Blake ne put que se rendre compte de la violence de l'ouragan, un seul coup d'œil à la route suffit pour qu'elle établisse un simple constat, c'était le foutoir. Un arbre d'au moins trois mètres s'était retrouvé brutalement arraché du sol, et gisait désormais en plein milieu de l'asphalte. Plusieurs oiseaux tournaient autour des immenses propriétés, menaçant d'attaquer à tout instant, la houle avait ramené de nombreux poissons et crabes sur les berges, attirant bon nombre de prédateurs.
— Paradis de mes fesses, roumégua t-elle.
Poussant un long soupir, déjà épuisée par l'énergie qu'elle allait devoir fournir. Elle avait beau être naturellement une bonne athlète, l'effort ce n'était pas son truc. Elle sauta sur le tronc de l'arbre avant d'atterrir de l'autre côté de celui-ci -avec une grâce approximative, Bhodi l'imita sans grande difficulté.

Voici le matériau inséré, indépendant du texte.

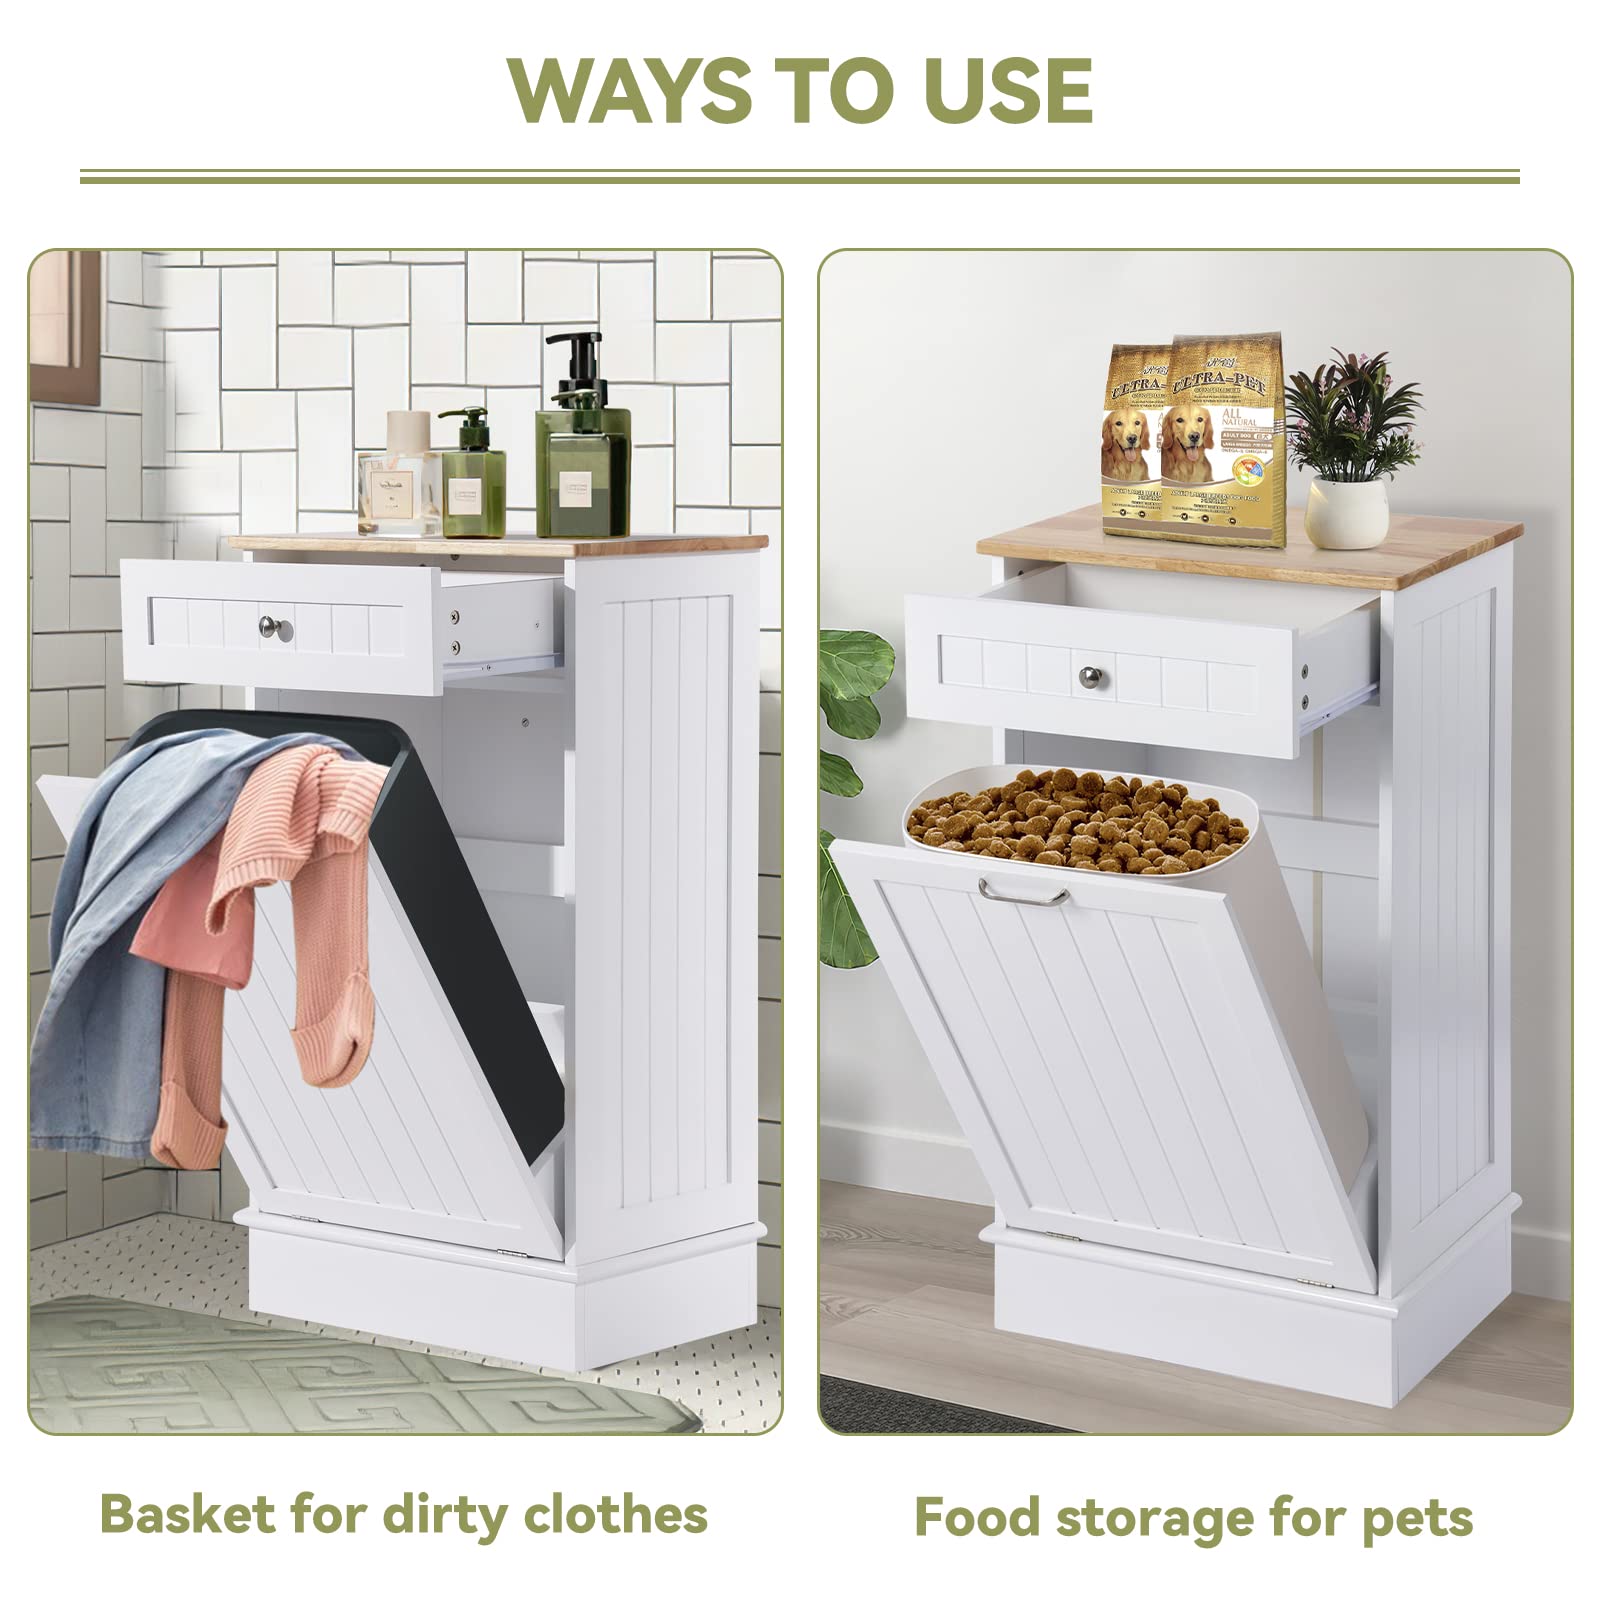 LOUVIXA Tilt Out Trash Bin Cabinet Dog Proof Trash Can Holder Kitchen Island with Garbage Bin or Tilt Out Laundry Hamper (White)
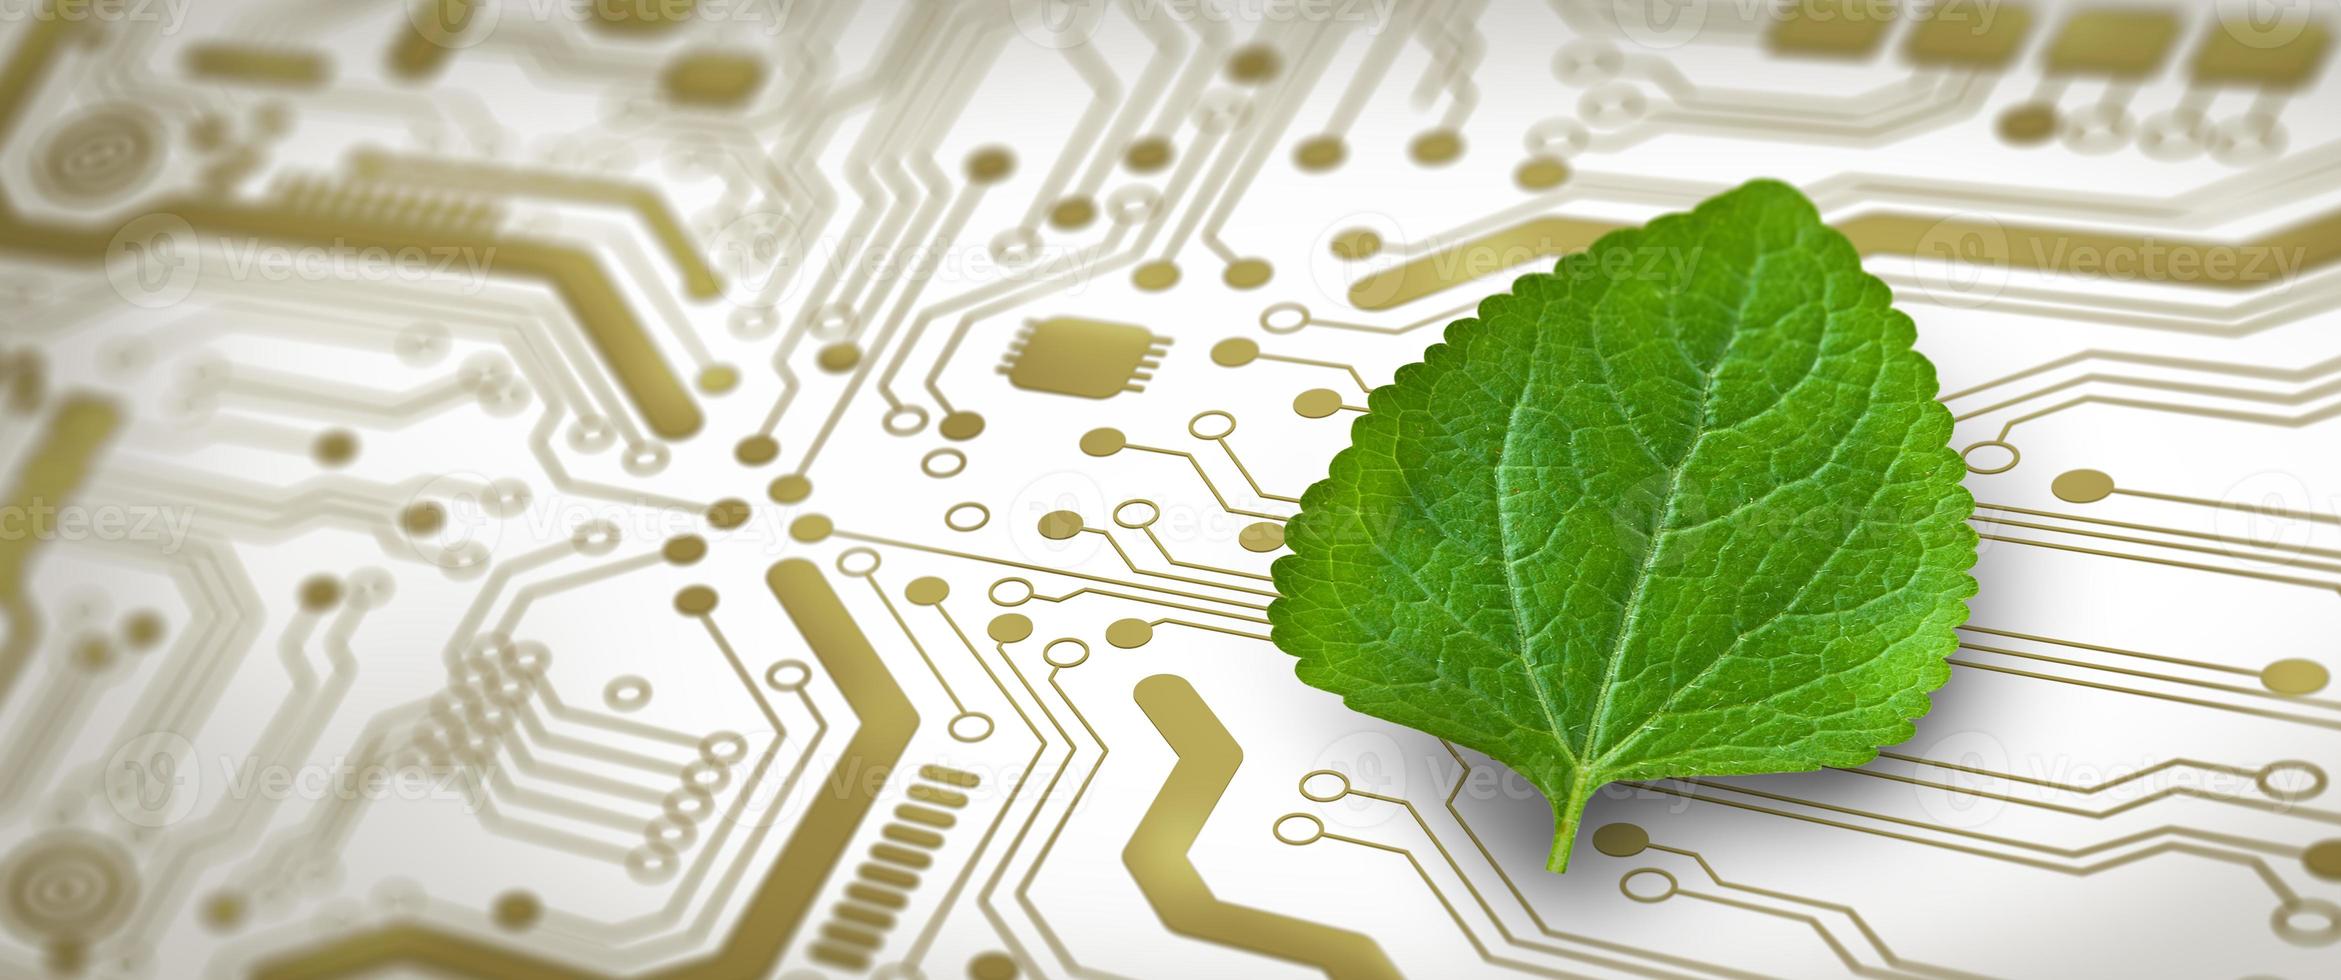 Green Computing, Green Technology, Green It, CSR und IT-Ethik-Konzept. foto

Ses yeux scrutèrent les alentours. Elle n'avait jamais franchement apprécié Outer Banks, et elle ne savait pas où aller —surtout le lendemain d'un ouragan. Billy la forçait souvent à le suivre lorsqu'il allait voir ses potes, mais elle ne les supportait pas. Une bande de jeunes cons friqués, aucune valeur de l'argent et aucune morale. Elle appréciait traîner avec eux, seulement parce qu'ils payaient ses consommations. C'était un rat, mais au moins, elle ne s'en cachait pas.
Avant qu'elle ne comprenne, ses pas l'avaient guidé jusqu'à une pelouse saccagée. Derrière celle-ci se tenait une énorme baraque, à l'architecture coloniale. Elle la connaissait bien. Elle y avait passé de nombreuses soirées, ennuyantes à mourir, ou bien diaboliquement regrettable, lorsqu'elle était plus jeune. Elle rebroussa chemin, elle n'avait pas l'énergie pour ça.
— Mini Knight ? Je savais pas que t'étais rentré au bercail.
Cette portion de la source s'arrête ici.